那時他陷於焦慮已經一個星期了,其實這座島上的許多人陷於焦慮比他更久,如果他們知道接下來的發展,他們會發現當時的焦慮完全沒有必要,只是既然沒法知道,也就只能任焦慮持續。其他人的焦慮對翔熙沒有直接影響,但是翔熙奶奶的焦慮有,翔熙小學一年級時離婚兩年的父母分別再婚,於是他被送去了奶奶家,他是前一次婚姻的衍生物,在兩段新關係中都是多出來的,他們分別又生下弟弟妹妹,大家很少想起他。

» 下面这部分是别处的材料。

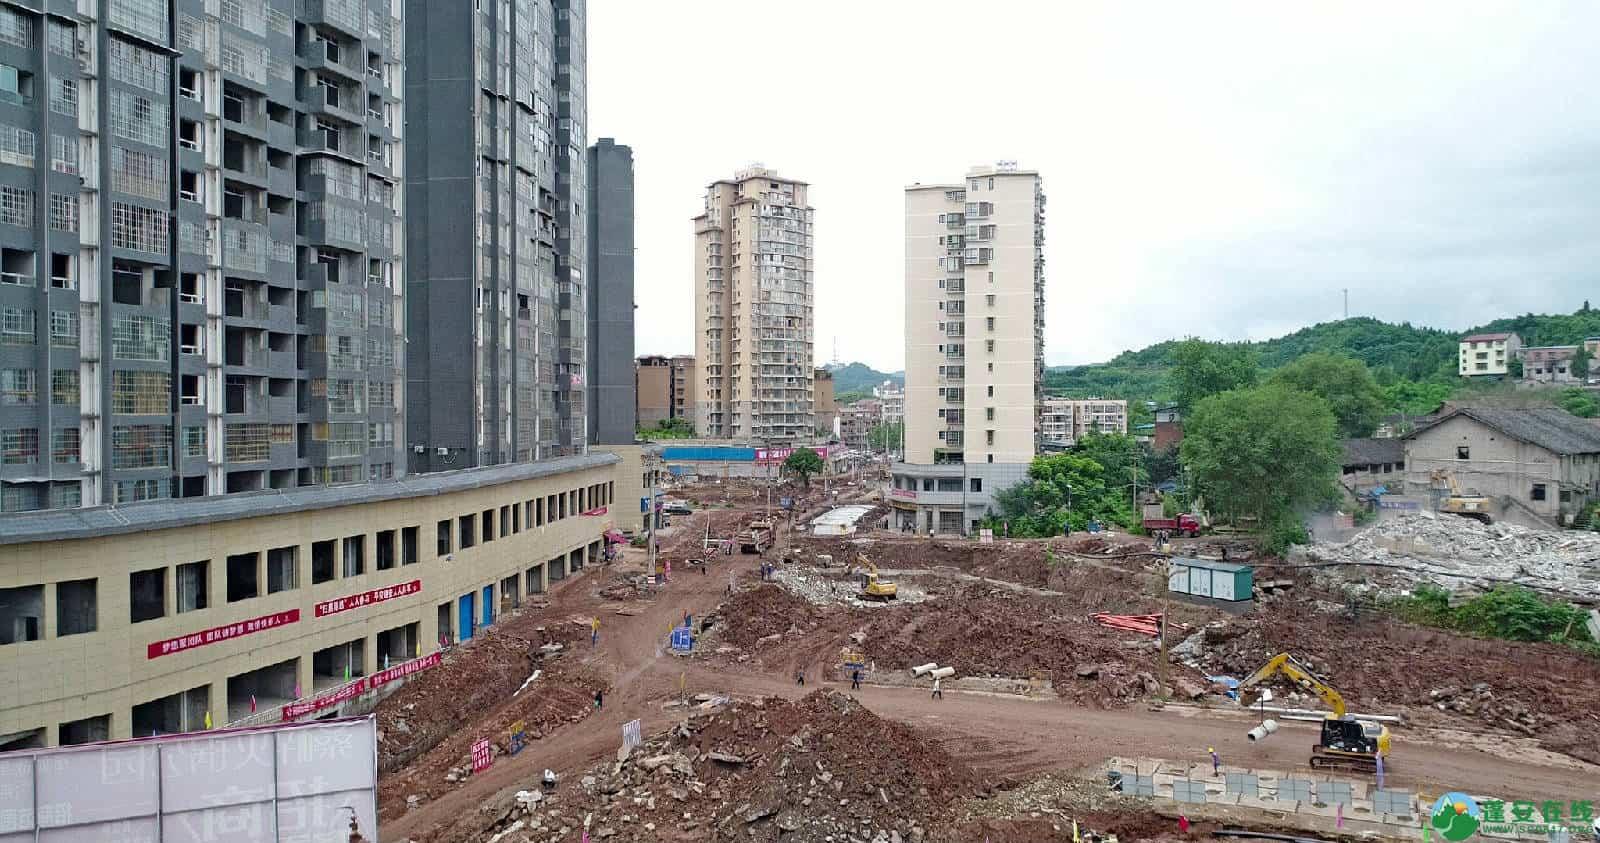 蓬安县嘉陵西路改建工程进展(2019-06-16) - 第10张  | 蓬安在线

和奶奶一起生活原也不算差,但是奶奶年紀大了,在異地工作的他無力接奶奶來一起生活,他的父親又因為妻子和奶奶有嫌隙,鮮少往來,奶奶幾乎可算是獨居老人,令他壓力倍增。
新的焦慮起因是選舉,這又是人類搞出來另一項讓人困擾到幾乎喘不過氣的麻煩,選舉前他出了一趟差,忘了買回家投票的機票,於是他想這回就不投票了。對奶奶而言,不回家投票,一方面讓她憂慮她支持的候選人會不會因此落選?為什麼別人都盡責的回來投票,連旅居國外的人都回來了,而他只要搭一小時飛機即可返鄉,卻如此缺乏社會責任,沒有投下這重要的一票;另一方面則是他沒回家投票,也意味著他沒回家陪奶奶,奶奶經常告訴他,誰誰誰天天和家人住一起,誰誰誰的孩子為了照顧他特意換了工作。翔熙吃著蛋餅,暗度怎麼做能減少一點負疚感?買些營養品寄回去?或者面膜?七十幾歲的奶奶也是愛漂亮的,上次他回家,奶奶還抱怨臉上的老人斑愈來愈明顯,島上日照強,想要白皙無斑真的很難,和世上許多無解的事一樣,企圖扭轉只是徒增困擾。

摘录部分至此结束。